Breadcrumb
Bees create a buzz at Palais des Nations
While visitors are used to seeing majestic peacocks roaming the gardens of the Palais des Nations, these are not the only masters of the Ariana Park. Around them, thousands of bees also forage more discreetly in the gardens. On this World Bee Day, celebrated on 20 May and dedicated to these pollinators that are essential to biodiversity and the survival of ecosystems, Pierre Duperret, a gardener who takes care of the 10 bee hives in the heart of the Ariana Park, tells us more about them.
For 17 years, Mr. Duperret has been passionate about the maintenance of the gardens of the Palais des Nations. In the heart of this lush green setting and facing the Lac Léman are 10 bee hives donated by Switzerland on 10 September, 2012, to celebrate the tenth anniversary of its accession to the United Nations.
Despite the current situation because of COVID-19, the maintenance of the Ariana Park and the 10 hives continues in stride. In the Park, up to 50,000 bees live inside each hive, and caring for them requires work and patience.

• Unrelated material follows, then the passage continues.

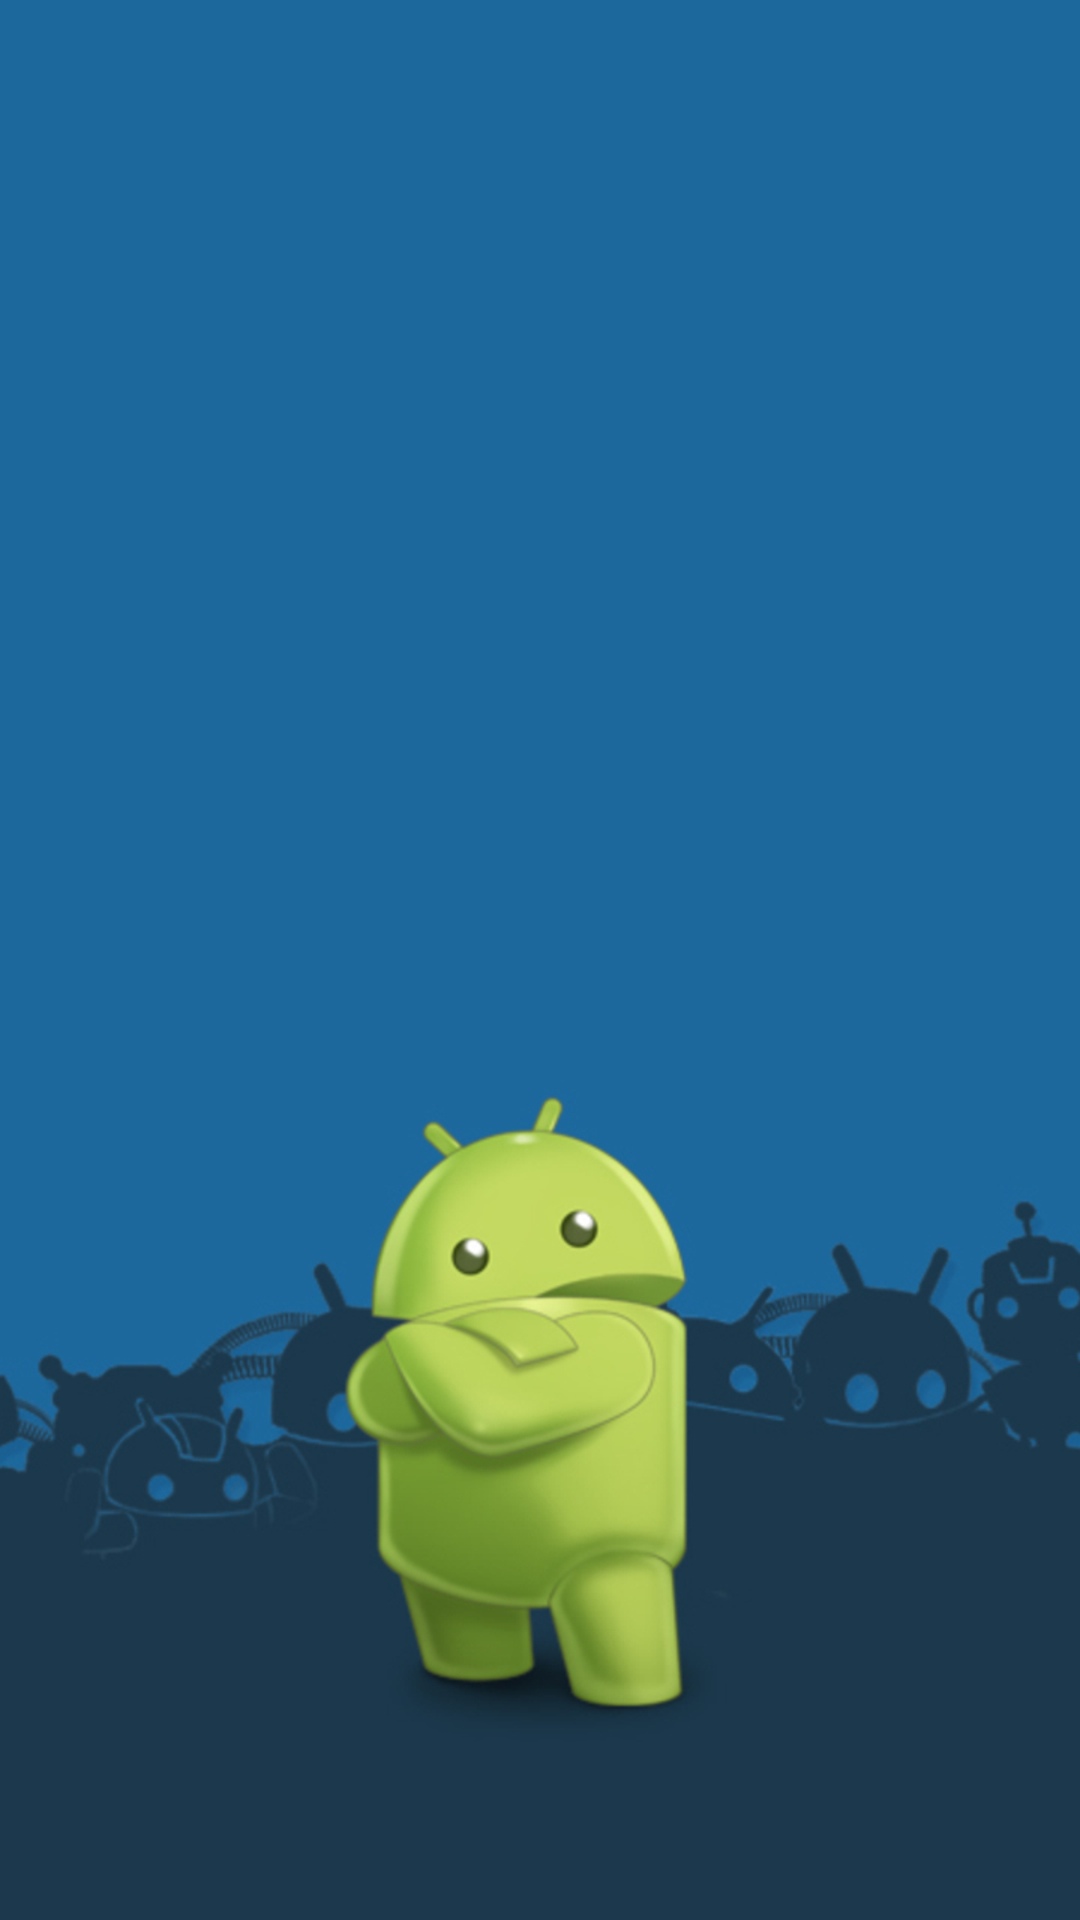 hintergrundbilder für android smartphone,blau,grün,karikatur,gelb,illustration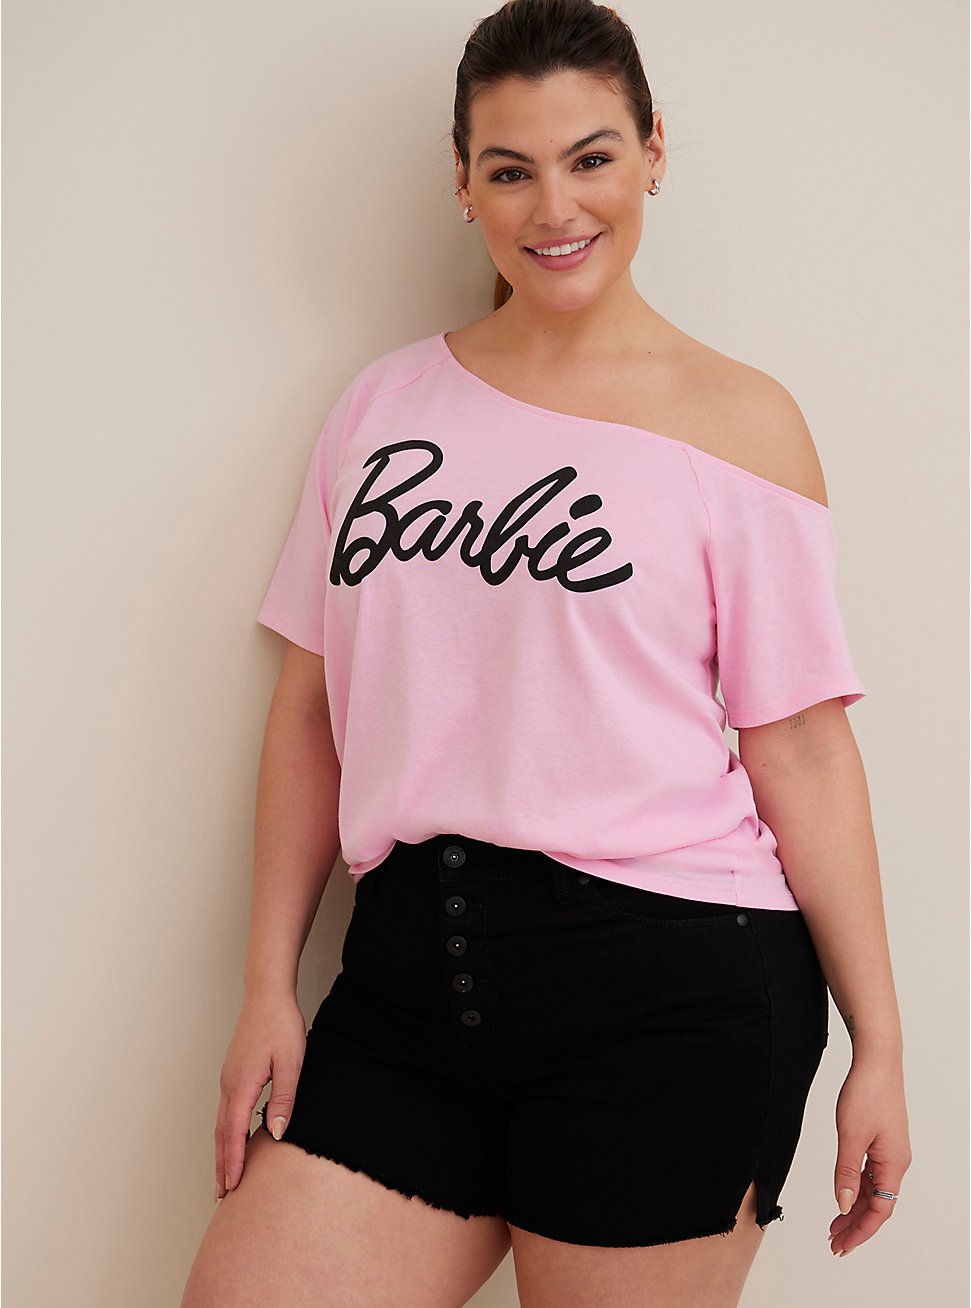 Barbie Classic Fit One Shoulder Top - Cotton Pink, PINK, hi-res

Bees are essential for pollination, Mr. Duperret says, and therefore vital to humanity. Honeybees pollinate about 20 per cent of flowers, including fruit trees and vegetables.
Healthy bees
Indeed, pollination contributes to food security and is essential for the survival of the world’s ecosystems. Nearly 90 per cent of the world’s wild flowering plant species depend entirely, or at least in part, on animal pollination, along with more than 75 per cent of food crops and 35 per cent of agricultural land. Unfortunately, bees, among the most important pollinators, are increasingly under threat from human activities.
For Mr. Duperret, pesticides, pollution and global warming pose the biggest challenges for bees. He believes people everywhere must play a role in the protection and preservation of bees, for example by changing their consumer habits to decrease pollution, and by limiting the use of insecticides.
It was precisely to raise the world’s awareness of the importance of bees that Slovenia, in 2017, led the process within the United Nations to adopt a resolution designating 20 May as World Bee Day. According to Klemen Ponikvar, Counsellor at the Permanent Mission of Slovenia in Geneva, nearly 10,000 Slovenians have bee hives at home. He is proud that the second most common bee in the world - the Carniolan bee - takes its name from a region of Slovenia. "They are also found in the hives of the Palais des Nations," he says.
At the Palais des Nations, Mr. Duperret watches over the bees carefully, in close cooperation with the Geneva Beekeeping Federation, which regularly checks the hives to ensure the health of the bees. Its experts can intervene in case of problems. The Federation is also responsible for collecting the honey in the hives.
The gift of honey
Mr. Duperret is proud of the work of the bees at the Palais des Nations. Last year, the Swiss Confederation and the United Nations Office at Geneva shared 96 kilograms of honey produced by these tireless little workers.
The Director-General of the United Nations Office at Geneva, Tatiana Valovaya, receives some of the honey pots, which she offers as a welcome gift to the new Permanent Representatives of the Permanent Missions to the United Nations Office at Geneva, when they come to present their credentials, as well as to other distinguished guests.
A tribute to the host country, Switzerland, but also to the work of the bees that are active all day outside the windows of her office in the Ariana Park.